3.1 Explore our Principal Components

In this part you’ll explore our two principal components from part I a bit further to find out what kind of information they still contain.

🎯 ACTION POINTS:

  1. Take the original data wvs_data and compute the average lifeexpect per CONTINENT.

  2. Then create a scatter plot using our pca_results just like we did in part I, but now color the points according to either CONTINENT or lifeexpect (actually try out both to see the connection).

Start with the code provided in the lab material (.qmd) you downloaded.

Question

Question: What are your observations? Do the two principal components contain any information related to life expectancy and/or continent?

3.2 Principal Components as Predictors

So we saw that our two principal components contain lots of information still, so they should also be useful predictors.

In this part, you will predict whether an observations has CONTINENT="Africa". For this, we will quickly create a new binary outcome variable is_africa that has a value of 1 if the row has country Africa and 0 otherwise.

######### leave this code cell as is
log_reg_data =
  wvs_data %>%
  mutate(is_africa = factor(CONTINENT == 'Africa', labels=c("No","Yes"), 
                            levels=c(FALSE, TRUE), ordered=TRUE))

🎯 ACTION POINTS:

We’ll start with the same pca_recipe we’ve created in part I.

  1. Modify the recipe to account for the predictive modelling task.
  2. Check summary(pca_recipe) to ensure that your recipe has exactly one outcome (ie is_africa) and exactly two predictors (ie PC1 and PC2).
  3. Run the model training and evaluation code that is already provided (the code block after). If you make the right changes to the recipe, this should run and output a ROC curve.
Question

Question: Does the model work well? Explain why (or why not).

3.3 DBSCAN Clustering

In this part, you will apply a different clustering algorithm, DBSCAN. In contrast to k-means, DBSCAN is a density based clustering method. That means it

  • doesn’t require specifying the number of clusters beforehand
  • it groups together points that are closely packed, separated by areas of lower density

🎯 ACTION POINTS:

  1. Cluster our pca_results data using DSBSAN.
  2. Plot your clusters as we did in part II.

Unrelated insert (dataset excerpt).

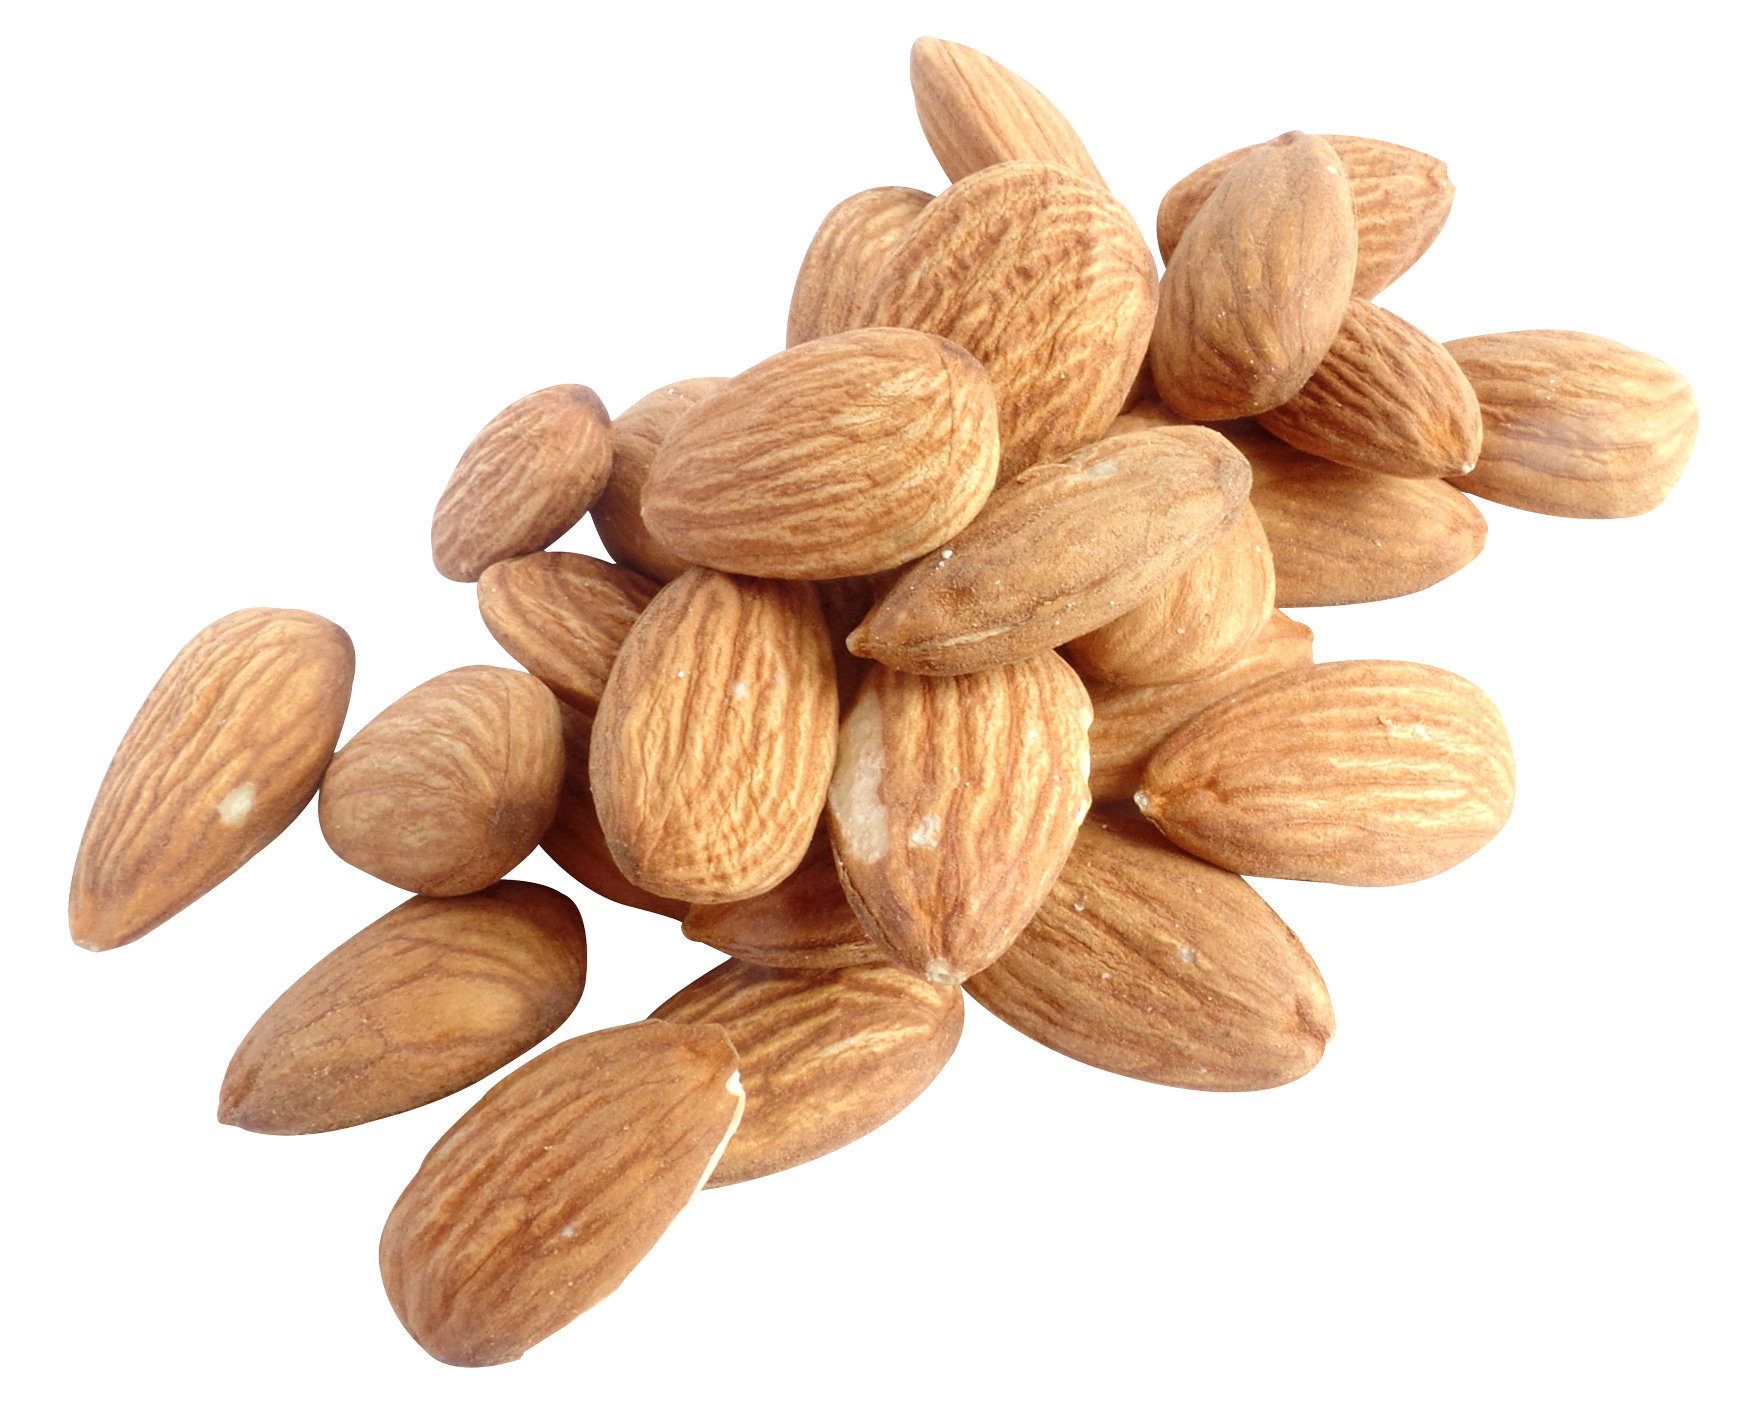 Nut Almond Free Download Image PNG Image
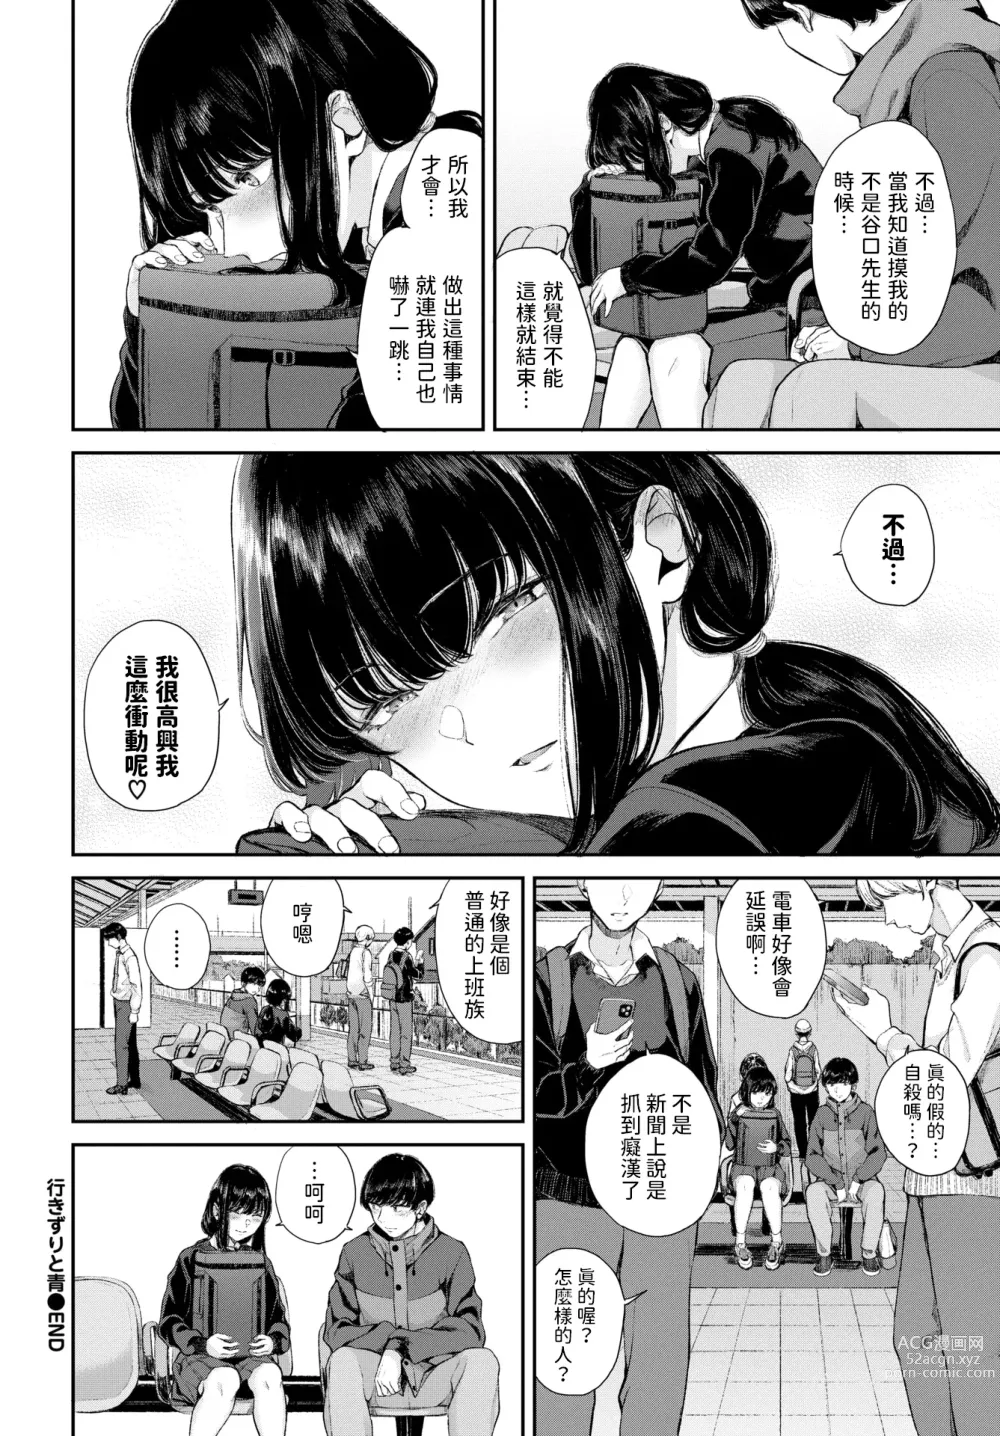 Page 24 of manga Yuki Zuri to Ao - passing by and blue.

This time we won’t use tidyverse functions. DBSCAN is an independent library outside the tidyverse, so part of the exercise is to find out how to apply it. As a hint, you only need the dbscan() function.

You can follow this documentation page here for example.

You don’t need to specify the number of clusters beforehand, but you still have some control over the clusters by setting eps (a measure to control the density of clusters) and minPts (the minimum of points per cluster).

Can you find values that lead to appropriate clusters? You can start with eps=1 and minPts = 5.

Question

Questions: Compare these results to the results we have obtained by using k-means? Can you recognize the difference between clustering using centroids and by densities?